The Ypsilanti Highland Cemetery contains nearly 40 Black Civil War casualties or veterans. Cemetery records indicate that there are 19 marked gravesites of Black Civil War Soldiers, and an additional 19 may be buried near the grounds of Highland Cemetery.

The Ypsilanti Black Civil War monument was first initiated when Matt Siegfried, a historian, writer, and researcher located in Ypsilanti, Michigan, noticed the headstone of Pvt. Elias Rouse, a Civil War veteran from the 54th Massachusetts Regiment, within Ypsilanti's Highland Cemetery. This discovery triggered Siegfried to research African American soldiers who fought in the Civil War and who were buried in the cemetery. This research ultimately acted as a catalyst in erecting the memorial honoring Black Civil War veterans.

During his research, Siegfried was able to find two living descendants of Elias Rouse who still lived in Ypsilanti, Cheryl Garnett and Omer Winborn. Through Garnett and Winborn's family research, Siegfried found that Rouse was one of the first men of color to join the Union Army, recruited by Frederick Douglass to fight in the war. On July 18, 1863, during the battle of Fort Wagner, Rouse's regiment gained notability; however, once discharged in 1865, it took until 1890 for him to receive his pension, revealing the racial discrimination against colored veterans after the Civil War ended.

== Description ==

John Pappas, a sculptor based in Ypsilanti, created the Ypsilanti Black Civil War Monument. It features three United States Colored Troops (USCT) soldiers at the top, inspired by historical photos, with three eagles beneath symbolizing war. Pappas purposely excluded the depiction of weaponry within the monument, instead focusing on their faces, trying to capture the contemplation and questioning colored soldiers made when making the life-altering decision to enlist and fight for their freedom.

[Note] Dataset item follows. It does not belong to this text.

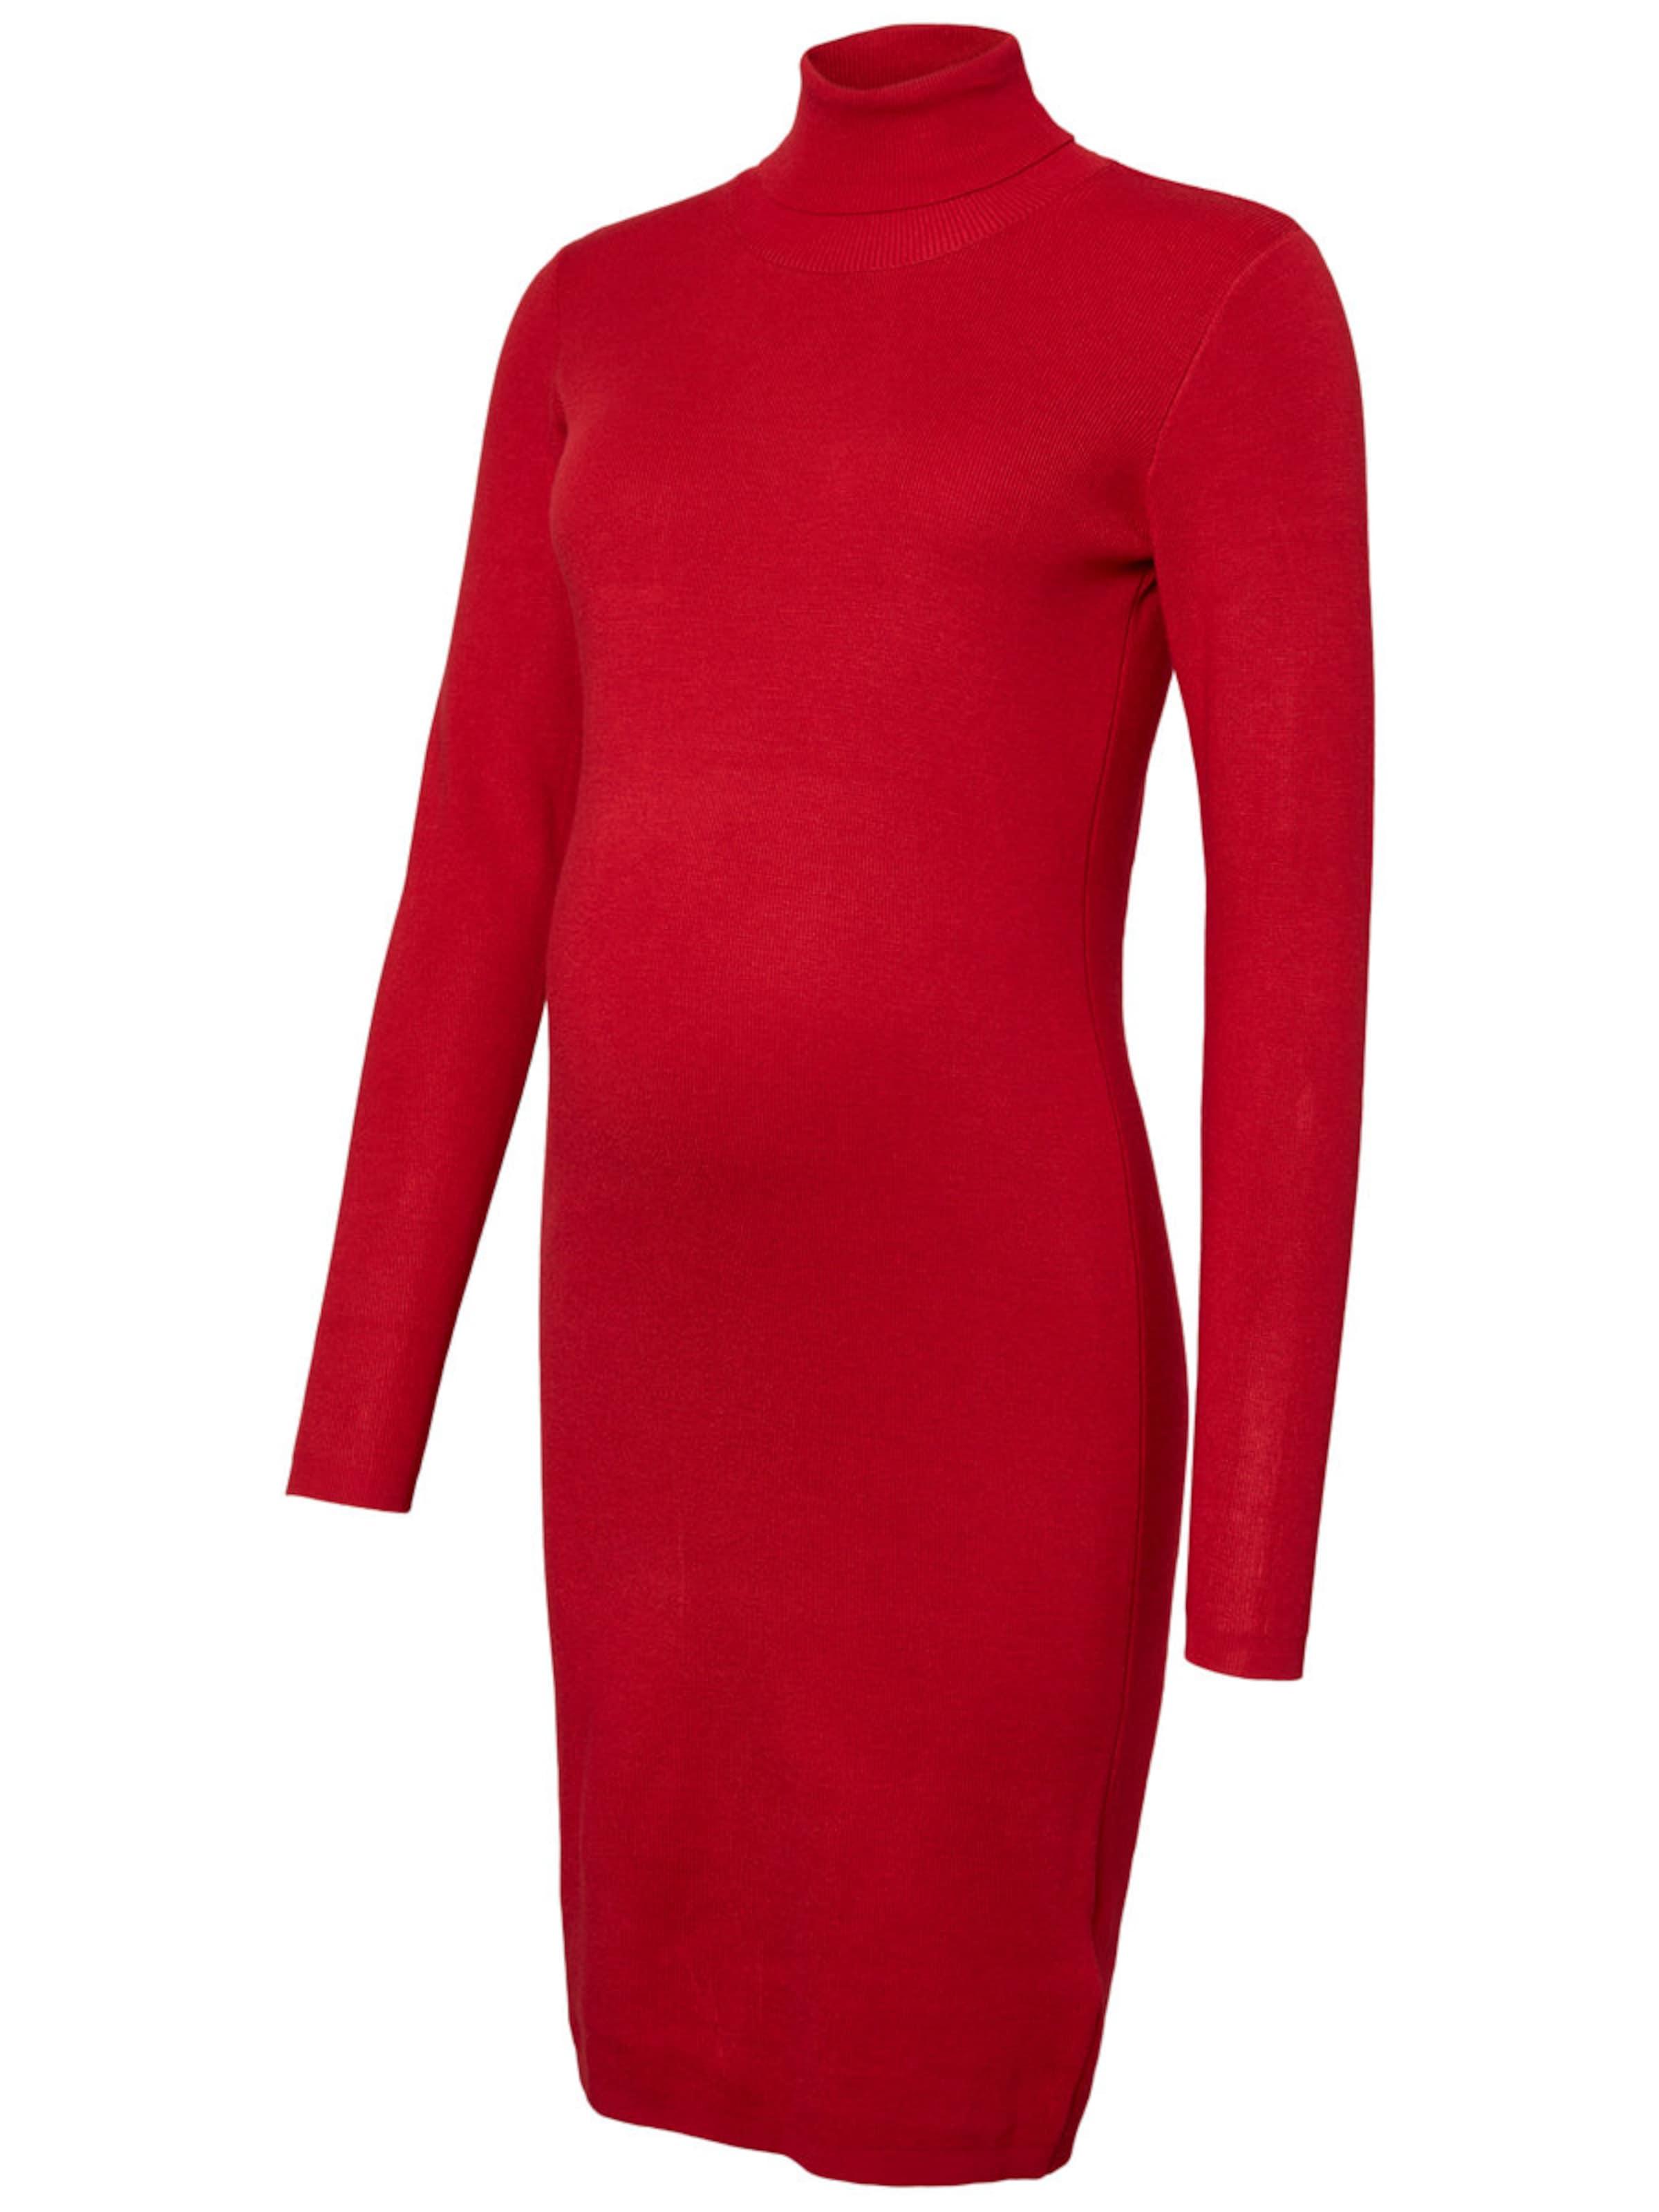 Robe Robe Mamalicious En En Cerise Mamalicious Robe Mamalicious Rouge Rouge Cerise 4L5A3Rj
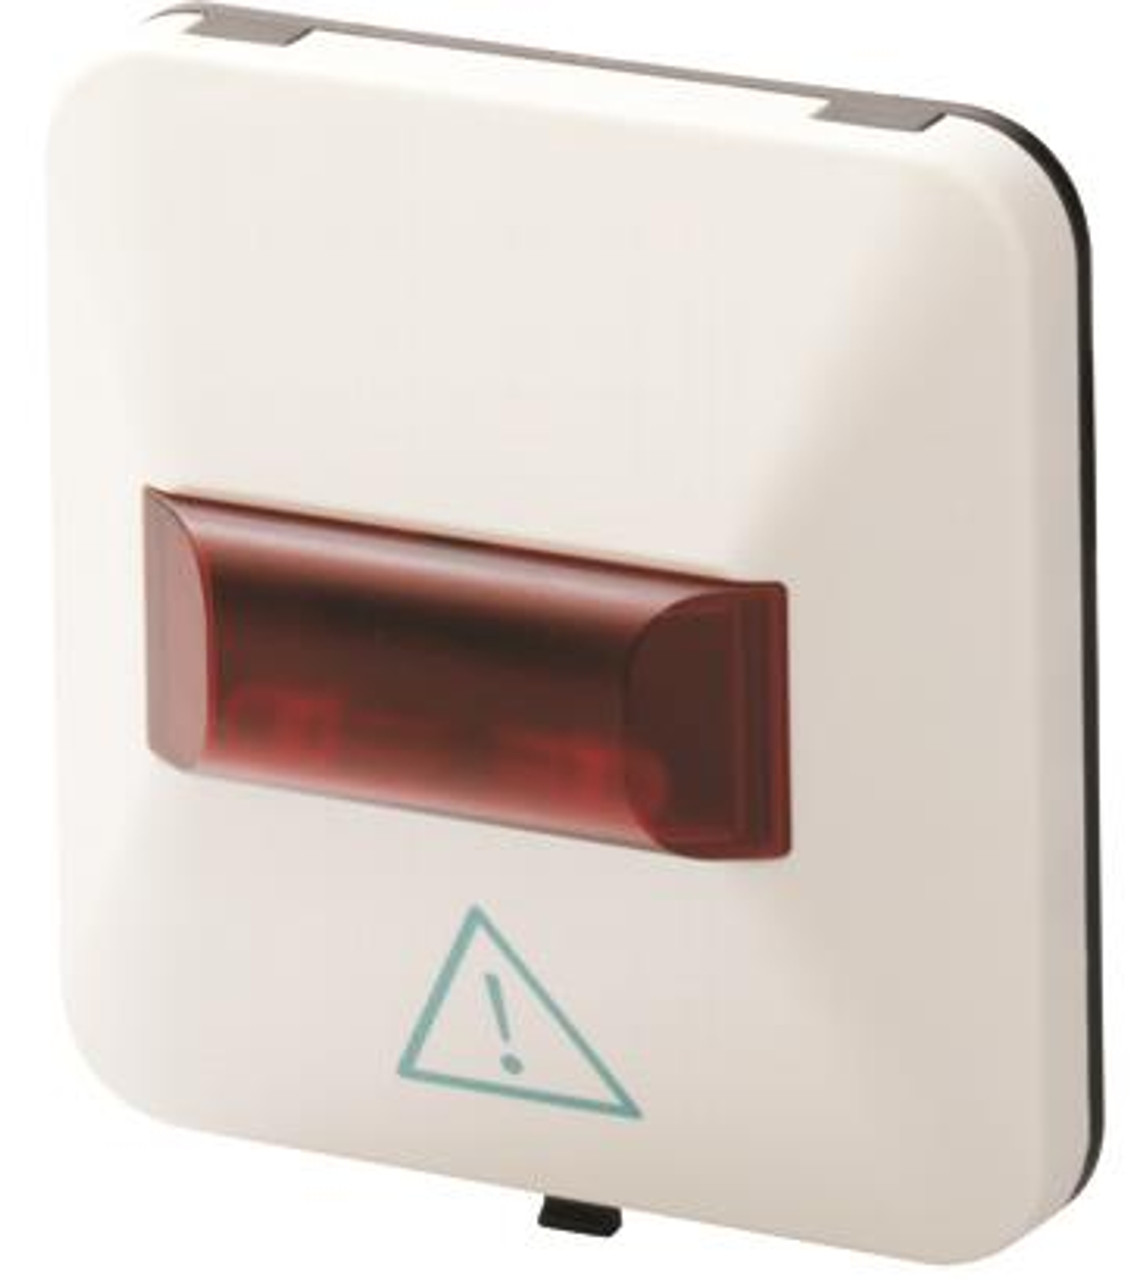 Siemens FDAI92-Ex, S54370-F4-A1 Alarm indicator - Surface for explosion-hazard areas

The memorial also honored several soldiers, including Elias Rouse from the 54th Massachusetts Regiment, James H. Falls and Dudley H. Fox from Co. F, 2nd Michigan Cavalry, and Lonrezo Thompson from Co. E, 11th USCHA, 14th Rhode Island Heavy Artillery.

== Funding ==

According to Michigan Live, the erection of the monument was assisted by State Representative Ronnie Peterson, who helped grant funding for the project, garnering a total of 60,000 dollars. Funding included 5,000 dollars from the Michigan Enhancement Grant, another 5,000 dollars from the Michigan Council for Arts and Cultural Affairs, and a donation of 30,000 dollars from Destination Ann Arbor/Ypsi Real.